Italian Carabinieri general and Resistance member

Filippo Caruso (Casole Bruzio, 24 August 1884 - Rome, 12 September 1979) was an Italian Carabinieri general and Resistance member during World War II.

==Biography==

Caruso was born into a bourgeois family with military and patriotic traditions; some of his ancestors had participated in the Risorgimento. He began his military career in 1905, enlisting in the Royal Italian Army as a second lieutenant in the 44th Infantry Regiment; after attending courses at the Royal Military Academy of Infantry and Cavalry in Modena, he became a career officer in 1909, assigned to the 18th Infantry Regiment, with which he fought in Libya in the Italo-Turkish War (1911–12). After being promoted to lieutenant and returning to Italy, in 1914 he was transferred to the Carabinieri Corps. He participated in the First World War, fighting in the 11th Division on the middle course of the Isonzo and then serving with the 114th Carabinieri Section at the Supreme Command. After promotion captain in 1917, he fought with the 26th Division, and distinguished himself during the advance on Trento and Bolzano following the battle of Vittorio Veneto in October–November 1918. By the end of the war he had been decorated with two bronze medals for military valor.
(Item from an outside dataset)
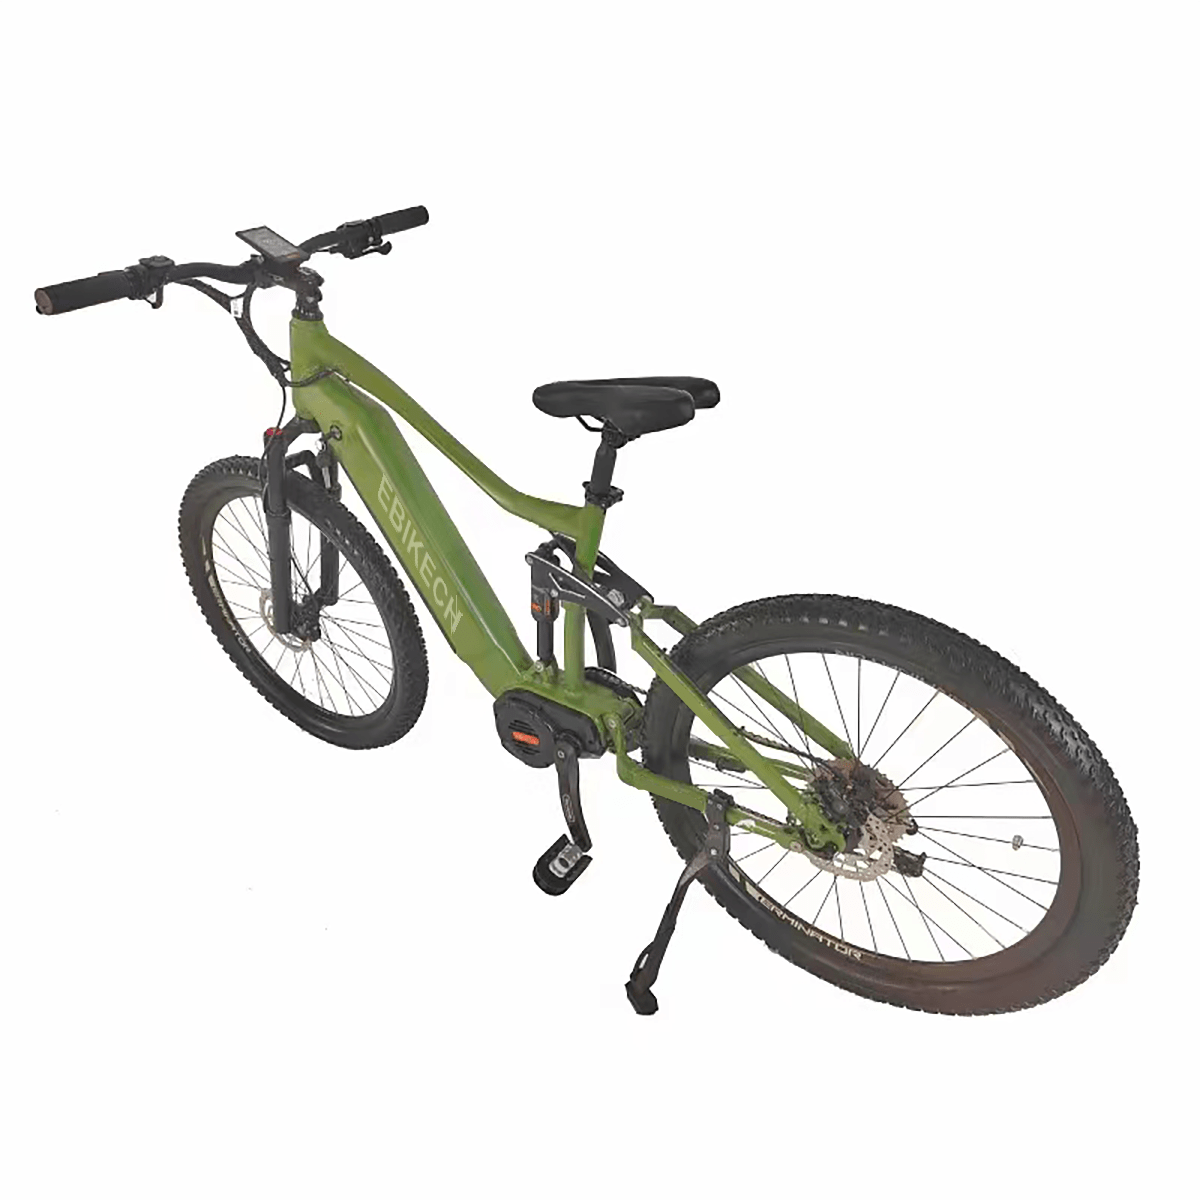 S4 electric mountain bike

Between December 1918 and July 1919 he was the organizer of the territorial service of the Carabinieri in South Tyrol and later in Dalmatia. He was then appointed commander of a Carabinieri company in Florence, distinguishing himself during the subsequent period of upheaval in Tuscany. He operated in Trieste during the Fiume crisis, receiving a solemn commendation for his behavior. After promotion to major in April 1925, while serving with the Carabinieri Legion of Livorno, he graduated in law. Returning to Florence, he assumed command of the internal division of the Carabinieri, being promoted to lieutenant colonel and receiving a third solemn commendation. Between October 1931 and September 1933 he was commander of the Carabinieri cadet detachment of Turin. From September 1933 to January 1935 he was in command of the Carabinieri of the General Police Inspectorate in Sicily. In July 1937 he was promoted to colonel, assuming command of the Carabinieri Legion of Ancona, and between February 1940 and September 1941 he was interim commander of the 3rd Carabinieri Brigade. In August 1941 he was transferred to Rome and appointed chief of staff and general inspector of the consortium for the rationing and distribution of meat to the armed forces and to the civilian population at the Ministry of Agriculture and Forestry. In January 1942 he was promoted to brigadier general, serving in Rome at the 2nd Carabinieri Division "Podgora", and in March 1943 he was discharged on demand due to reaching age limits.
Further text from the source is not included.